Kastner came to the conclusion when dissecting the personality of Fritzl that the electrician managed to distance himself from what he was doing by never looking his victim in the face when he raped her.
"He was not only incredibly able to lead a double life but also managed to maintain a triple life without any problems," she wrote, indicating that Fritzl played down the gravity of his crimes in his mind.
"Mr Fritzl resembles a volcano: under the surface that appears almost banal there is an evil streak.
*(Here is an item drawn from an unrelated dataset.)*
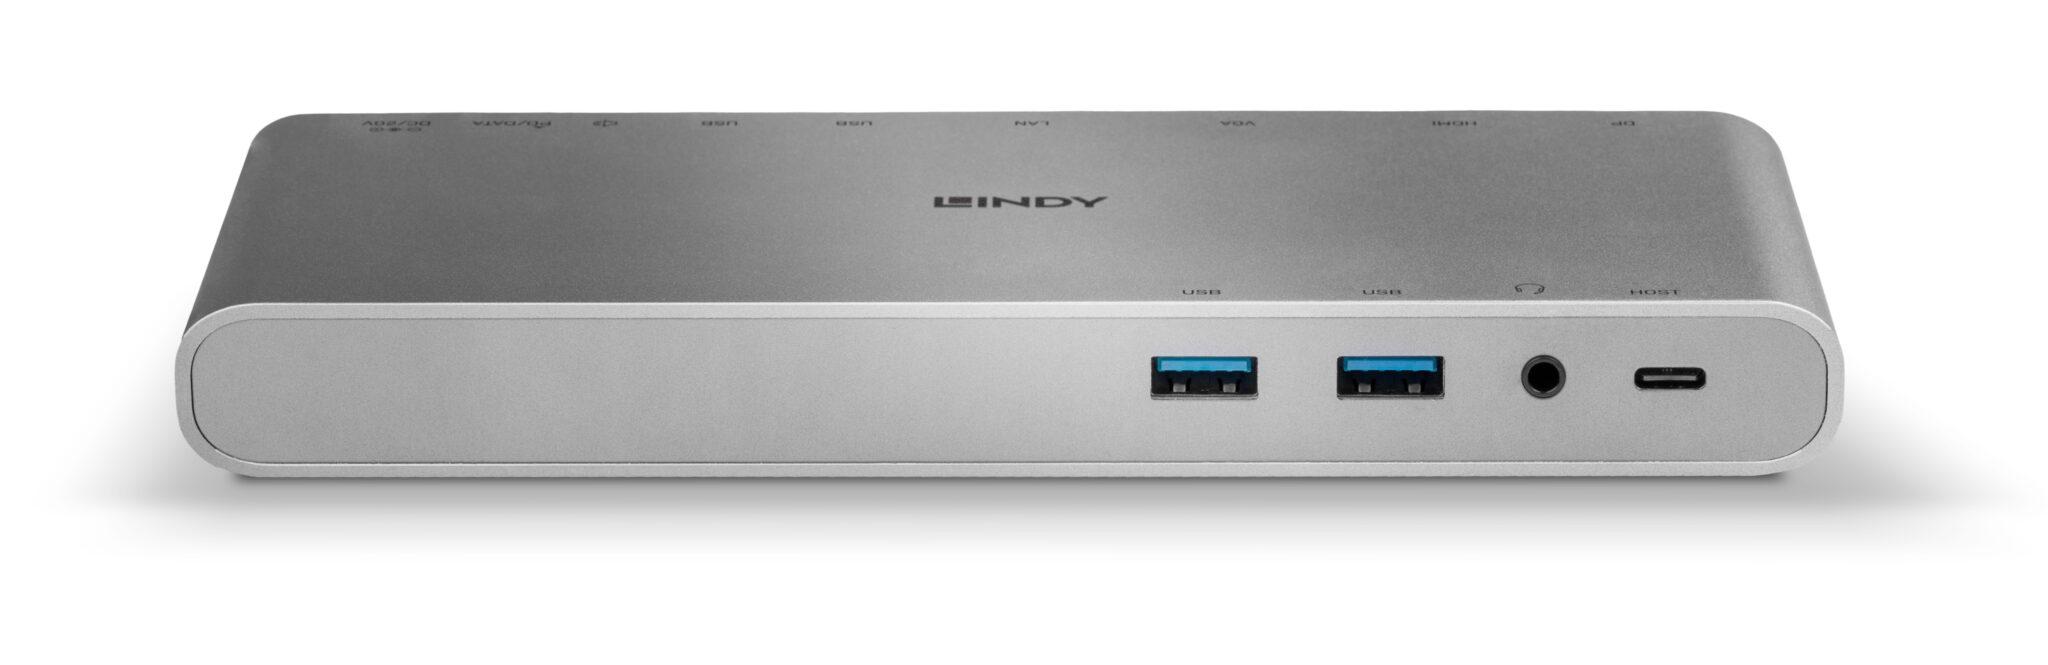 USB 3.1 Typ C Notebook Docking Station 43226 Frontansicht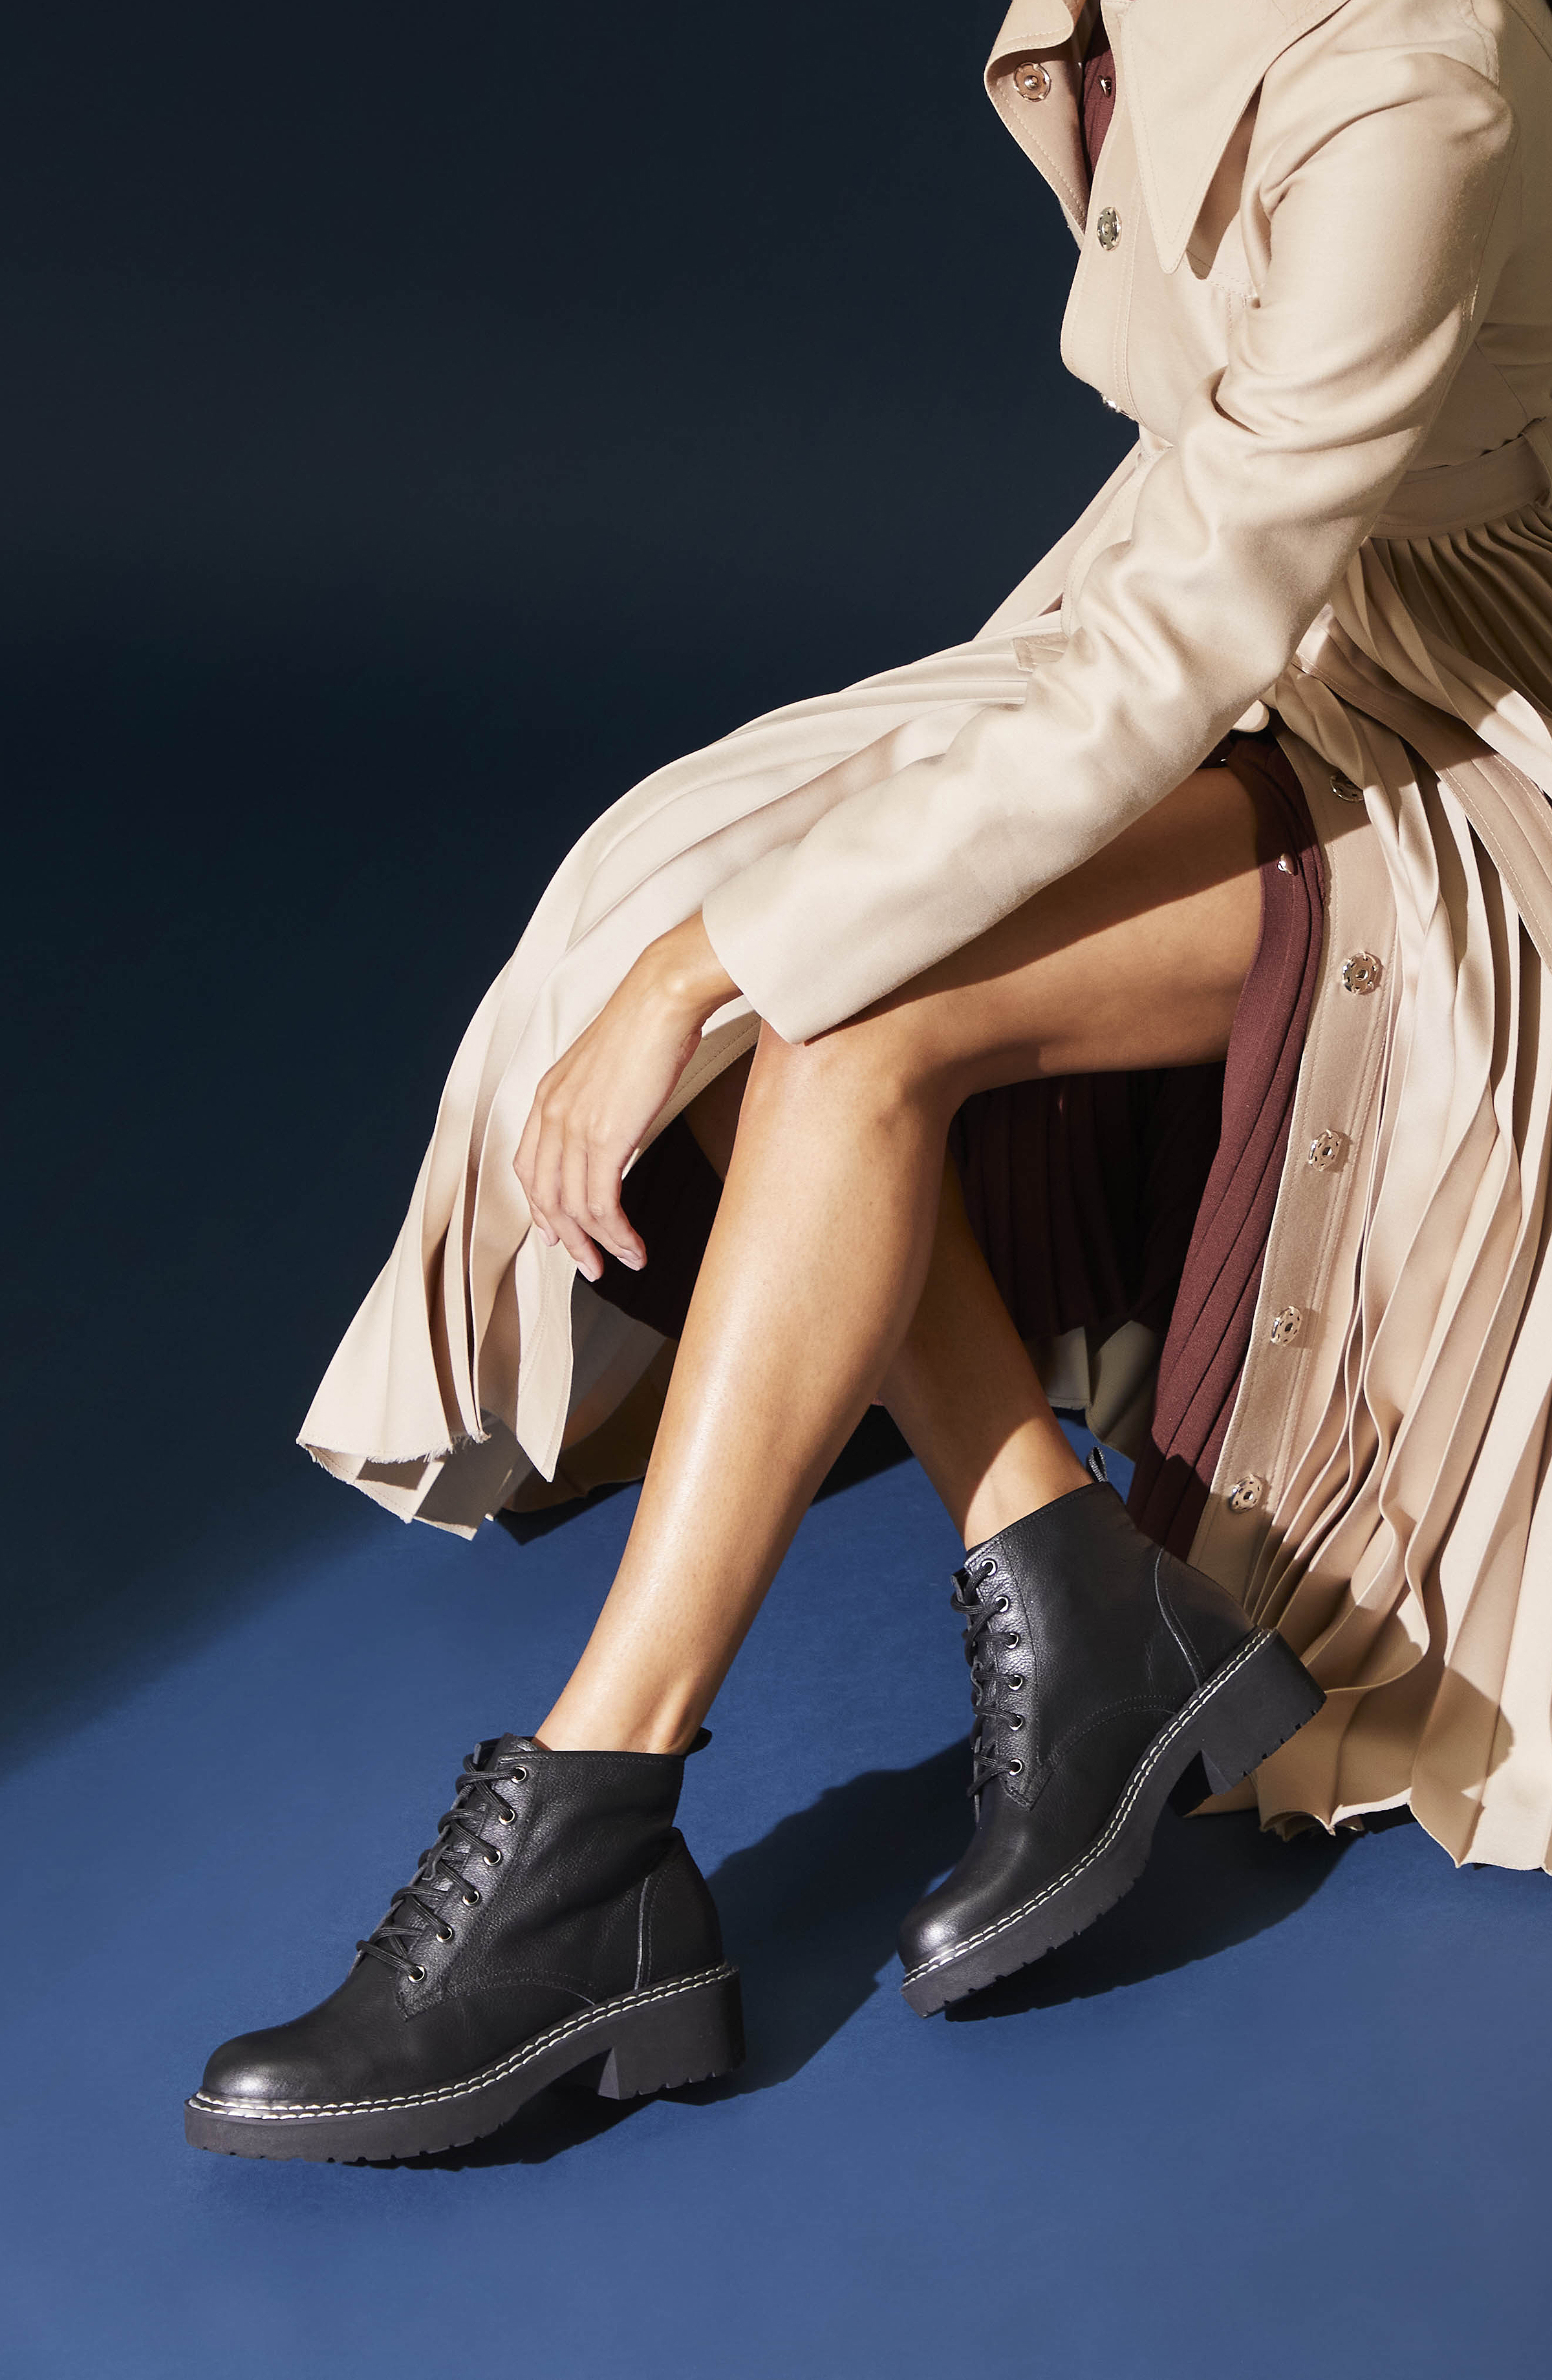 Taylor Women's Lace Up Lug Sole Bootie-Lookbook11

He is torn apart by his desires that he cannot master."
Three children aged 12 to 15 whom Fritzl fathered with Elisabeth lived in the large upstairs apartment with him and his wife, Rosemarie, 69. Their other three siblings, aged five to 19, were kept in the cellar with their mother, never seeing the light of day until they were freed by police on April 26 this year.
Fritzl believed himself to be a good father to his incestuous family, he told the psychiatrist, and took them games and celebrated birthdays and Christmas with them.
It is believed Fritzl will try to use his claims of his own alleged childhood abuse to explain his actions towards his daughter.
Kastner concluded in her report that Fritzl was cold-blooded and calculating.
"His narcissism combines with the lack of empathy and contributes to the exploitative way of turning others into instruments of satisfying his own needs. There is also a noticeable ability or tendency to 'modify' reality according to his own wishes," she wrote.